Lembrar o Arrendamento

 

João Anastácio

1-Set-2011

 

Já não oferece qualquer contestação a indispensabilidade de alterar as leis que regem o Arrendamento.

 

Depois de dezenas de anos em que os senhorios alertaram, sistematicamente, para o crime de lesa património que resultava, inevitavelmente, da aplicação da legislação existente, a evidência das consequências é irrecusável: não existe mercado activo de arrendamento, os prédios de "rendimento" estão degradados e não se entrevê qualquer interesse dos investidores nesta área essencial, até para manter viva a indústria da construção.

 

Estas verdades foram rapidamente detectadas pela "Troika" e no Memorando de Entendimento com o Estado português ficou desde logo bem clara a necessidade de regularizar o mercado de arrendamento como uma das condições sine qua non para o saneamento da economia nacional.

 

As acções preconizadas, a concretizar no 3º/4º trimestre do ano corrente, devem incidir, principalmente, no acelerar do processo de despejos, no caso de inquilinos incumpridores por não pagamento da renda, apontando para um prazo de execução daquele não superior a três meses, e na actualização das rendas congeladas.

 

Estamos no meio do 3º trimestre de 2011 e a questão da revisão do arrendamento não tem sido referida. É verdade que toda uma série de outros ajustamentos previstos no Memorando se têm vindo a verificar e portanto não consideramos que a acção prevista sobre o arrendamento esteja atrasada, mas convém lembrar em permanência a urgência da sua concretização.

 

Apenas para, mais uma vez, recordar o enviesamento em que se encontra o mercado de arrendamento, passo a expor um caso concreto que me parece uma boa amostra de tantos milhares de outros que levaram o nosso património habitacional ao estado em que se encontra.

 

Em 1960 um casal com três filhos decidiu aplicar as suas poupanças naquilo que pensavam ser o investimento que melhor podia garantir a sua segurança futura e a dos seus filhos: adquiriram um prédio novo, com três andares, na Amadora, e arrendaram os andares, naturalmente ao preço corrente do mercado de então. No caso do rés-do-chão, por 600$00 mensais.

 

Os anos passaram, o casal morreu e os três filhos herdaram, cada um seu andar. As rendas tinham tido a evolução conhecida e assim dois dos filhos decidiram vender os seus andares aos inquilinos. A transacção concretizou-se por cerca de um terço do valor real, caso os andares estivessem desocupados.

 

Um dos irmãos decidiu continuar na posse do rés-do-chão que herdara. A inquilina era a viúva do casal que inicialmente o arrendara e sempre tinham sido bons inquilinos, sem quaisquer conflitos.

 

A situação actual é a seguinte:

 

  • A inquilina tem 88 anos
  • O valor inicial da renda mensal de 600$00, em 1960, evoluiu para€38,00 actualmente. Não esquecer que a este valor bruto há que descontar as despesas do Condomínio, o Seguro de incêndio e o IMI (ainda desactualizado). No final, o valor líquido da renda, é ainda declarado para efeito de IRS. 
  • Se se aplicasse simplesmente o índice de inflação acumulado desde 1960, o valor da renda que corresponderia aos 600$00 iniciais seria de €200,00.
  • O andar, se desocupado, e após pequenas obras de limpeza e reparação, vale, no mercado, entre 400 e 500 euros mensais.
  • Tendo o prédio a idade de mais de 50 anos, necessita de obras de manutenção. A reparação do telhado, reduzida ao mínimo essencial para que não chova dentro do prédio, está orçamentada, incluindo 23% de IVA, em €800,00 por andar.
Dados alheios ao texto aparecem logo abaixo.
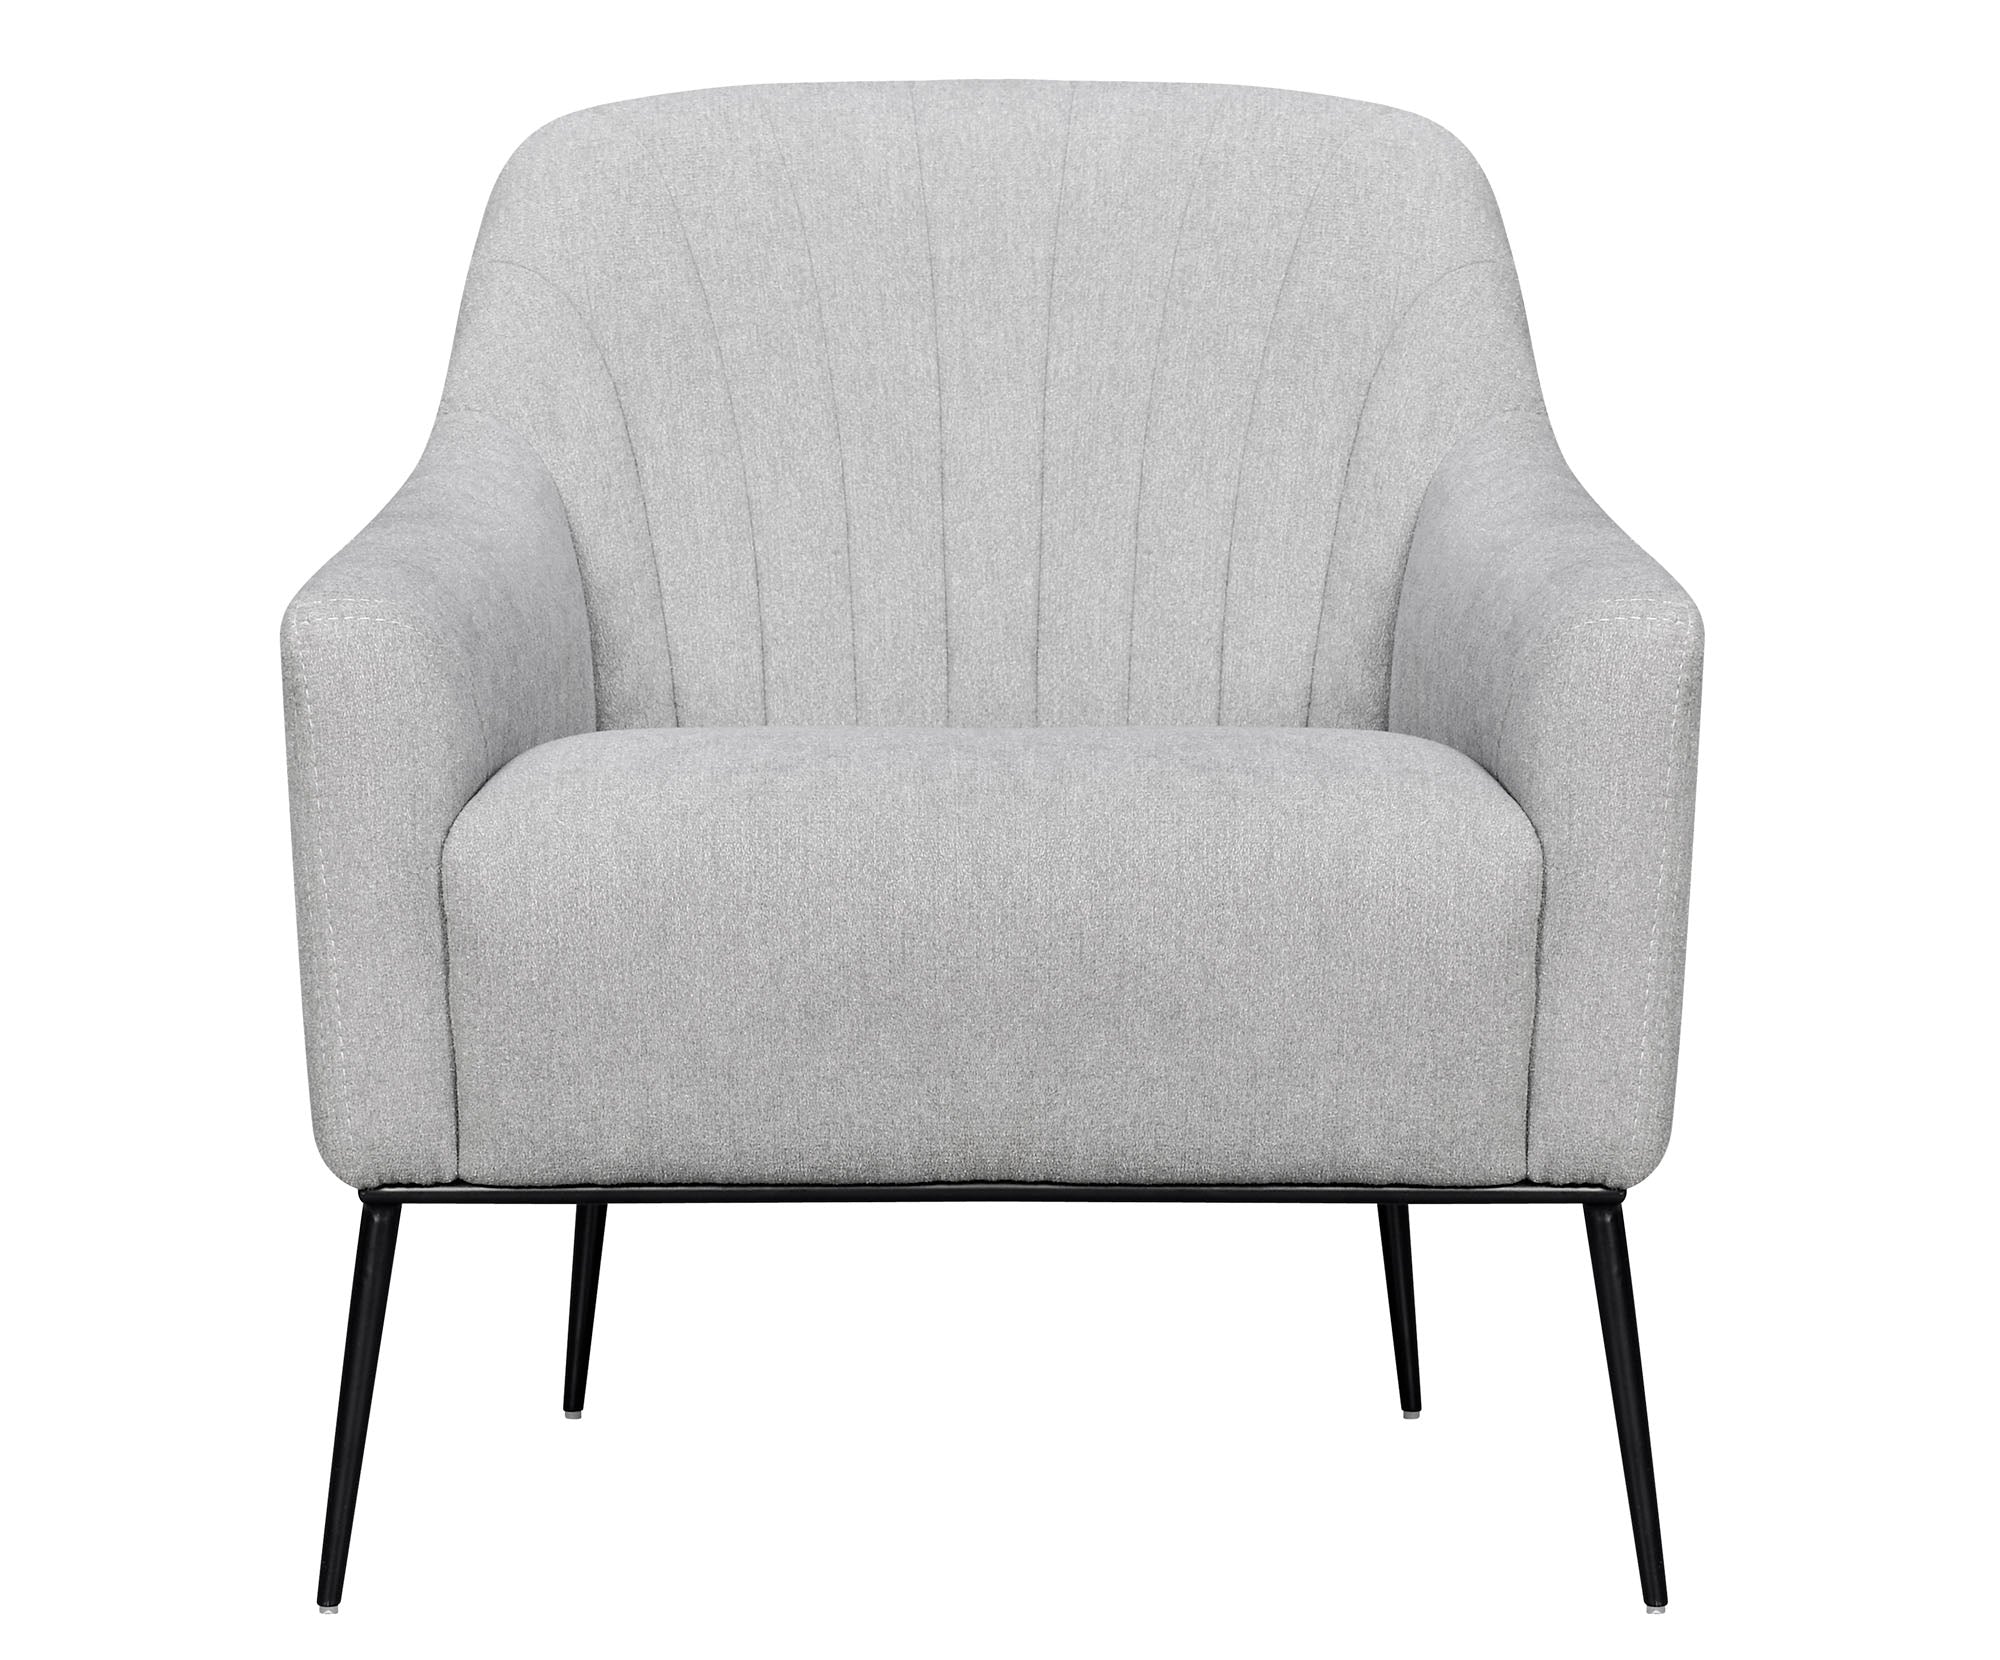 Ella Channel Accent Chair - MJM Furniture

Sobre a manutenção das fachadas é melhor não falar... mas é sempre possível que, em reunião de Condomínio, onde o senhorio é minoritário (um em três andares), os restantes condóminos venham a impor esta manutenção, que aliás se reconhece como necessária.

 

Mais palavras para quê? Trata-se de um arrendamento português antigo...

 

Será que alguém, no seu pleno juízo, vai investir na construção para rendimento enquanto estas condições persistirem? É verdade que as regras para os contratos de arrendamento habitacionais posteriores a 1990 são diferentes mas, por uma questão de igualdade ou outra razão qualquer que se invente, não poderão regredir?

 

Onde está a transmissão da indispensável confiança exigida para o investimento de longo prazo inerente ao imobiliário?